完整的,能發揮全力的聖人,纔是真正的聖人。
如今的他,雖然失去了靈寶,或許仍舊不如三清、不如女媧、甚至不如祖巫。
但現在,他也不怕死了呀!
就算是被其他聖人殺死,他也能恢復,而不用像之前一樣擔心跌落聖位。
感受完這些,準提不服氣的將聖人之威朝着東方蔓延。
但超過一定範圍後,便如同撞上了一層無形的壁壘,迅速衰減、淡化。
最終,只能保持準聖之力查看東方。
“東方……竟只能輻射不足萬一。
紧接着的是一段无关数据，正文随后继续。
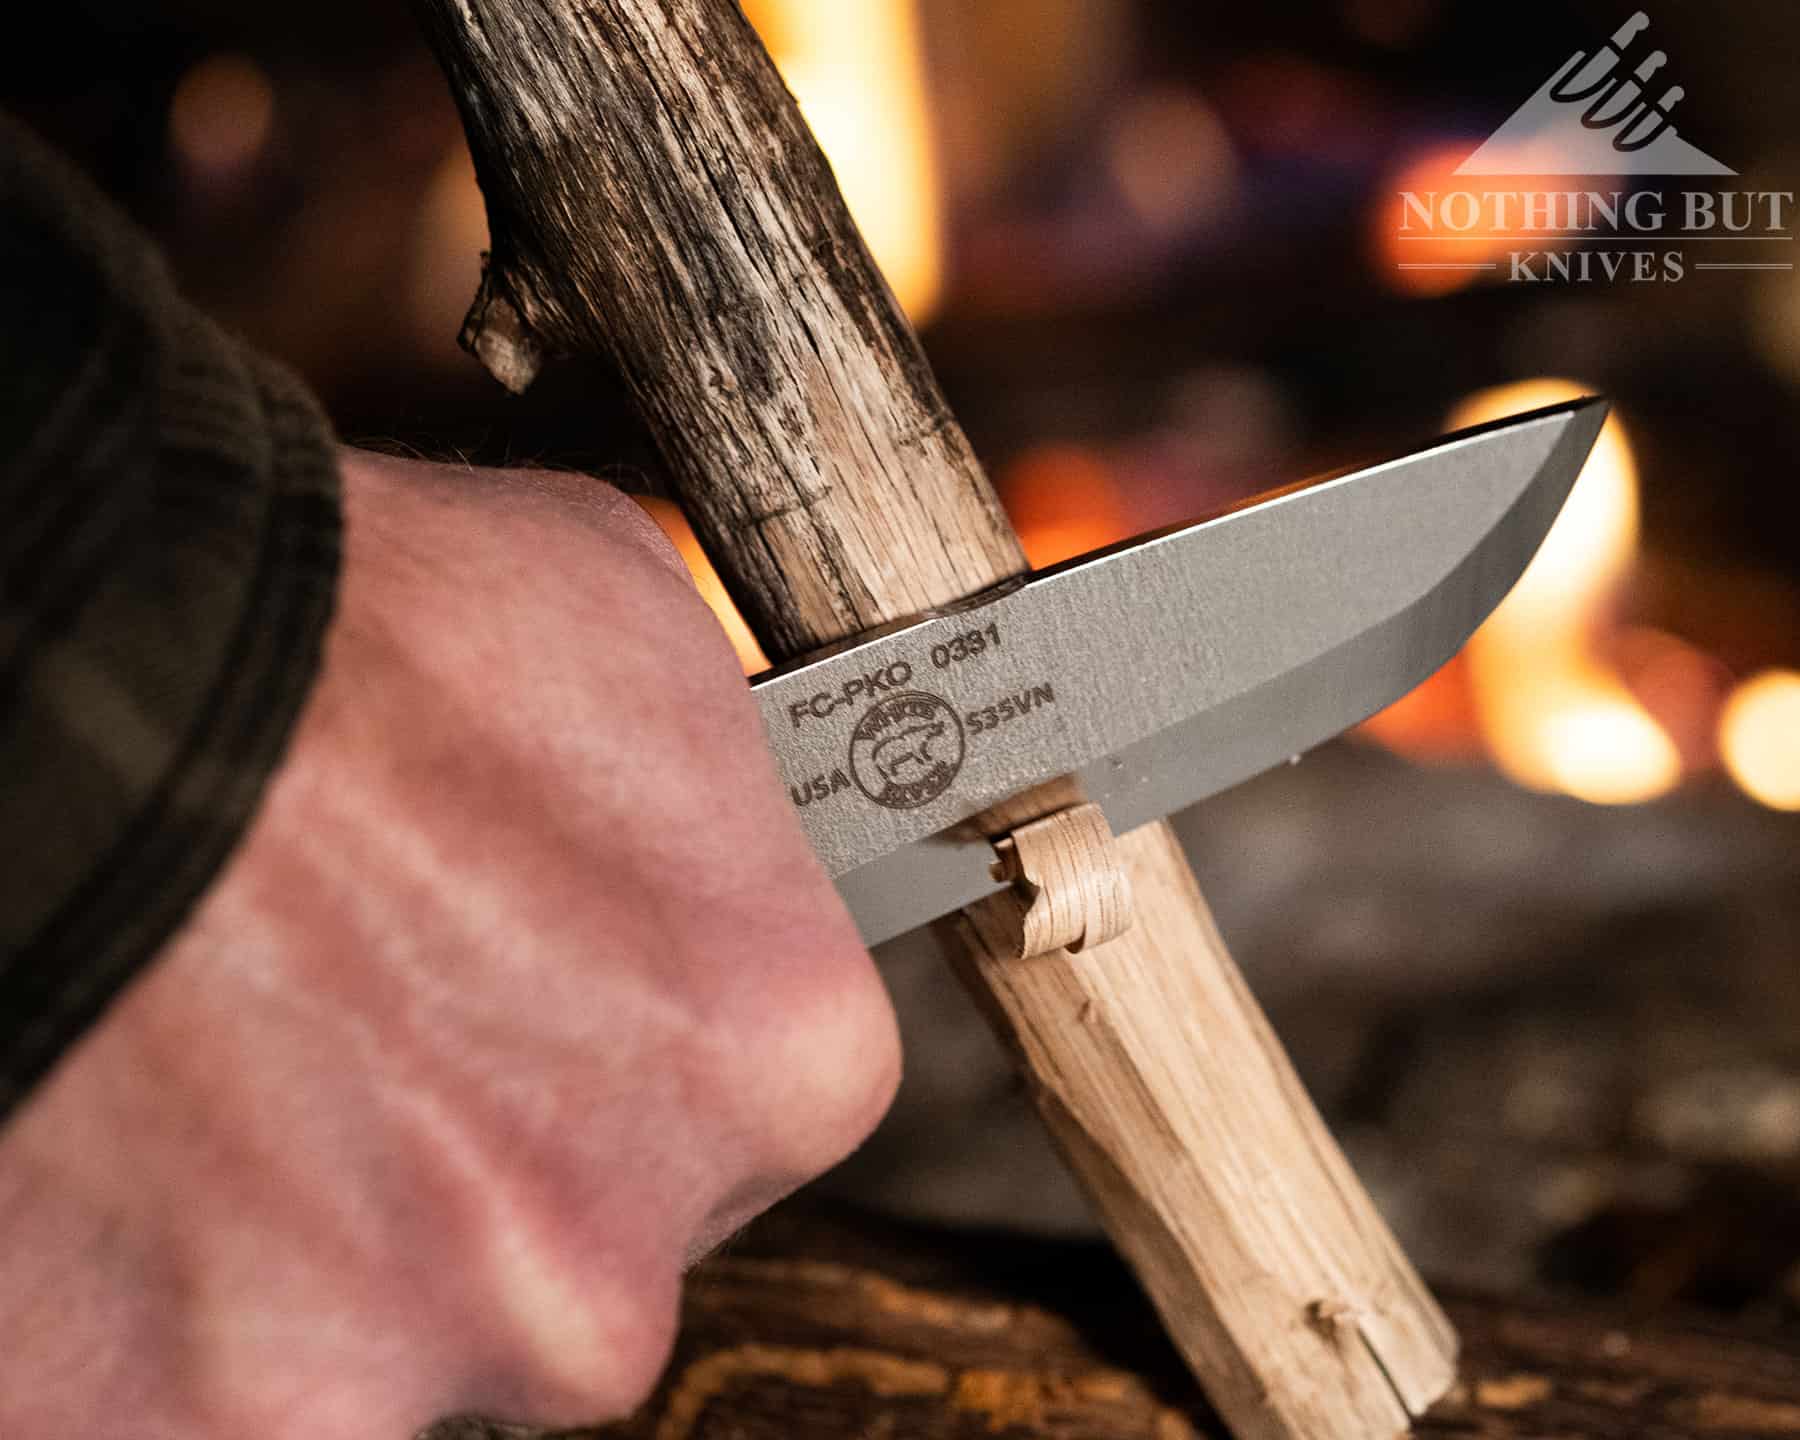 The short blade on the White River puts this squarely in my top 10 list of best survival knives. It is ideally sized for work without being too big to carry.

”
準提暗自嘆息,驗證了鴻鈞所言非虛。
他如今更像是一尊“西方神”,活動範圍被限定在了西方。
自由雖失,但聖位根基依託神山與西方,暫時無虞。
他看着手中空空,想起失去的諸多靈寶,又看看腳下神山,一股複雜情緒湧動——困守於此,是代價,或許也是新的開始。
與此同時,接引的感受則截然不同。
功德被強行抽離的劇痛與空虛感仍在元神深處迴盪,那是一種生命本源被割裂的虛弱。
原本與天道緊密相連、如同本能般可以調動的浩瀚偉力,正在飛速褪去。
他清晰地感覺到,自己與那冥冥中至高規則的“連接帶寬”正在急劇收窄。
鴻鈞打回他體內的那半縷鴻蒙紫氣,勉強維繫着他與天道間最後一絲脆弱的聯繫。
但這聯繫如同風中之燭,搖曳不定。
他的氣息一路下滑,澎湃的聖人威壓如退潮般消散,大道金花凋零。